The actual code is dstImage[pixelCoord] += ... bits around here. In this compute shader, each execution thread no longer maps to a completely separate pixel on screen! They just grab a bunch of rays to process, each with their own pixel location. It can (and often does) end up, that several threads at once process rays that hit the same pixel (think shadow & regular bounce ray for the same pixel; and also I run at 4 rays per pixel to get anti-aliasing…).

The dstImage[pixelCoord] += bit is not atomic at all, and presumably by optimizing the compute shader to be faster, the execution pattern of it started to be very different from before, and what was “subtle errors” turned into “whoa random garbage” now. Or that was my theory, which I haven’t 100% double checked :)

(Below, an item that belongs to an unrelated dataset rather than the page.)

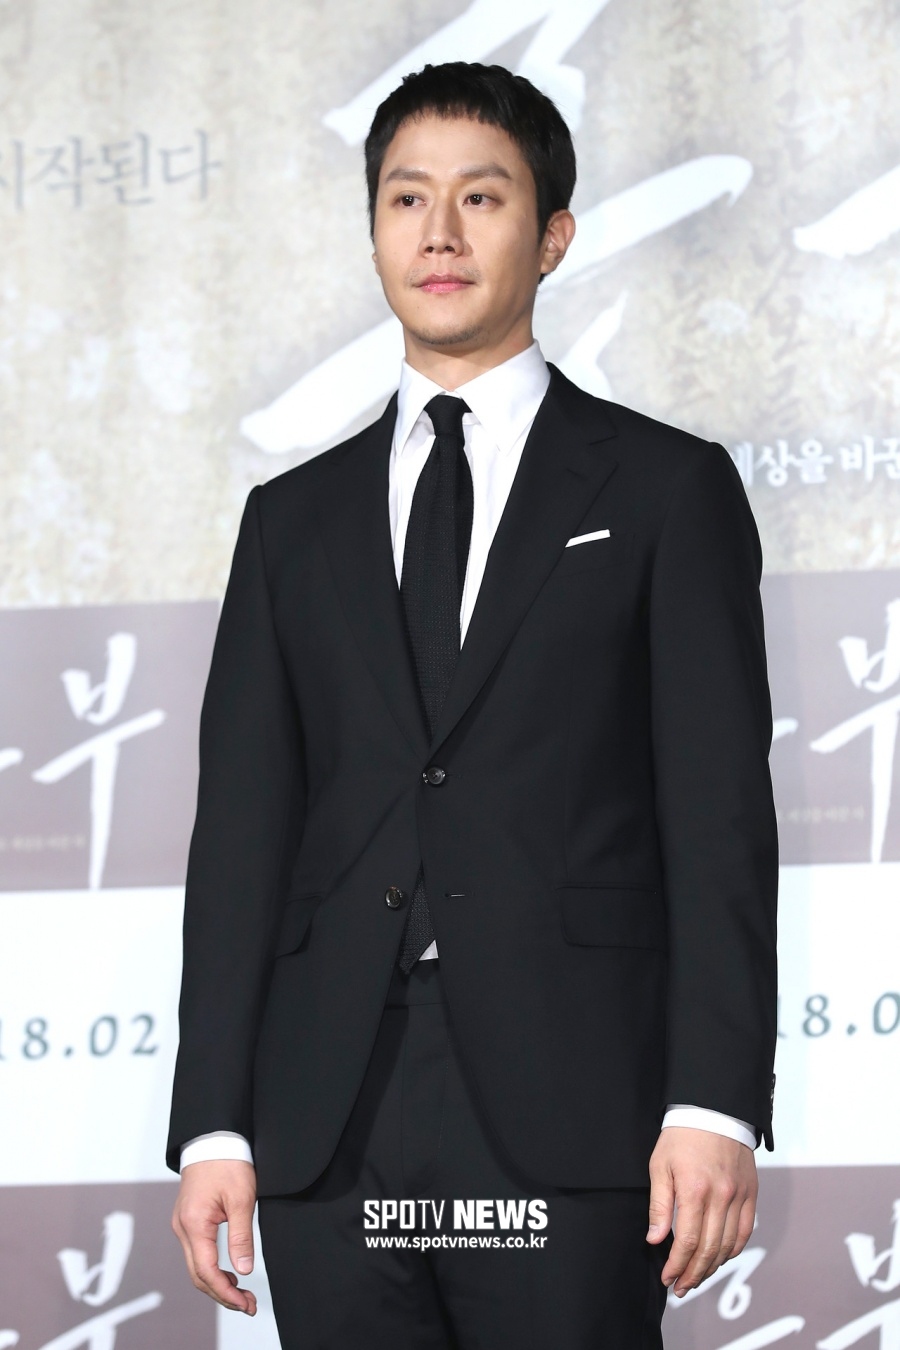 Actor Jung Woo has signed an exclusive contract with BH Entertainment.In addition, Jung Woo is waiting for the release of three films, Hot Blood, Dont Handle With Dirty Money, and Neighbors Village, by Acting the Homicide Detective Myung Deuk, which was filmed in December last year.Jung Woo created the unique character called Chungu in the 2009 movie Wind, and in 2013 TVN drama Respond, 1994, it caused a garbage craze all over the country and attracted genuine charm.He was loved for his attraction, and he also appeared in many films, including the movie Cecibong, Himalayas, Retrial, and Heungbu, and played as a Main actor Actor.In the future, we will continue to do active activities in the screen as well as in the CRT.BH Entertainment said, I am glad to be with Jung Woo Actor.Jung Woo is an Acting Actor with his own unique color, so I will try to meet with the public in a better work. He promised active support for Jung Woo.On the other hand, BH Entertainment is a specialist in the actor specializing in the actor, which includes Lee Byung-hun Han Hyo-joo Han Ji-min Ji-tae Jin-gu, Chu Ja-hyun, Park Sung-hoon, Park Hae-soo, Gong Seung-yeon, Kim Go-eun, Kim Yong-ji, Management.=

It seems that there’s no easy way to do atomic additions to floats on the GPU. You could implement that manually by doing a loop with an atomic compare/exchange, and maybe there are some GPU-specific shader extensions that for example would allow doing that for half-precision floats or somesuch. All that is “uhh sounds hard” in my book, so I decided to solve this problem by (mis)using the GPU rasterizer.

GPU rasterizer has a blending unit that can blend a lot of things, even if they hit the same locations on screen, and the results come out correctly! So in the bounce-processing compute shader, I don’t write anything into the output image; the shader only produces rays for the next bounce, and “splats” (pixel location + color) for the rasterizer to render later. The splats are also added into a buffer, which is then later on rendered as points.

Here’s a diagram that probably makes it even more confusing :)

That fixed rendering to be correct though!

Ok what’s the performance now?

Doing the above (put rays & splats into groupshared memory, write to global buffers at end of group; blend splats using the rasterizer – see commit) got performance up from 147 to 611 Mray/s. I guess Yoda was not joking in that “LDS we must use” quote.

A couple more commits later I changed how I append items from group-local buffers into the global ones. I had this before:

groupshared s_Data[kSize];
groupshared uint s_DataCount;

// set count to zero at start
if (threadID == 0)
	s_DataCount = 0;
GroupMemoryBarrierWithGroupSync();

// each thread computes some data and adds it:
uint index;
InterlockedAdd(s_DataCount, 1, index);
s_Data[index] = ThisNewData;

// at the end, make first thread write out to global buffer:
GroupMemoryBarrierWithGroupSync();
if (threadID == 0)
{
	uint dataStart;
	g_DataCounts.InterlockedAdd(kCounterOffset, s_DataCount, dataStart);
	for (uint i = 0; i < s_DataCount; ++i)
	{
		g_Data[dataStart + i] = s_Data[i];
	}	
}

this works, but only one thread in the whole group ends up doing “copy into global buffer” work. Doing this instead was quite a bit faster:

groupshared s_Data[kSize];
groupshared uint s_DataCount;
groupshared uint s_DataStart;

// set count to zero at start
if (threadID == 0)
	s_DataCount = 0;
GroupMemoryBarrierWithGroupSync();

// each thread computes some data and adds it:
uint index;
InterlockedAdd(s_DataCount, 1, index);
s_Data[index] = ThisNewData;

// at the end, make first thread reserve space in global buffer and
// find where it starts:
GroupMemoryBarrierWithGroupSync();
if (threadID == 0)
{
	g_DataCounts.InterlockedAdd(kCounterOffset, s_DataCount, s_DataStart);
}

// threads in the whole group copy their portion
uint myCount = (s_DataCount + kCSGroupSize - 1) / kCSGroupSize;
uint myStart = threadID * myCount;
for (uint i = myStart; i < myStart + myCount; ++i)
	if (i < s_DataCount)
		g_Data[s_DataStart + i] = s_Data[i];

Doing the above change for how rays are copied, and how splats are copied, increased performance from 619 to 644 Mray/s.

What else could be done?

So… 644 Mray/s is still behind the “super simple direct port” that I had running at 778 Mray/s…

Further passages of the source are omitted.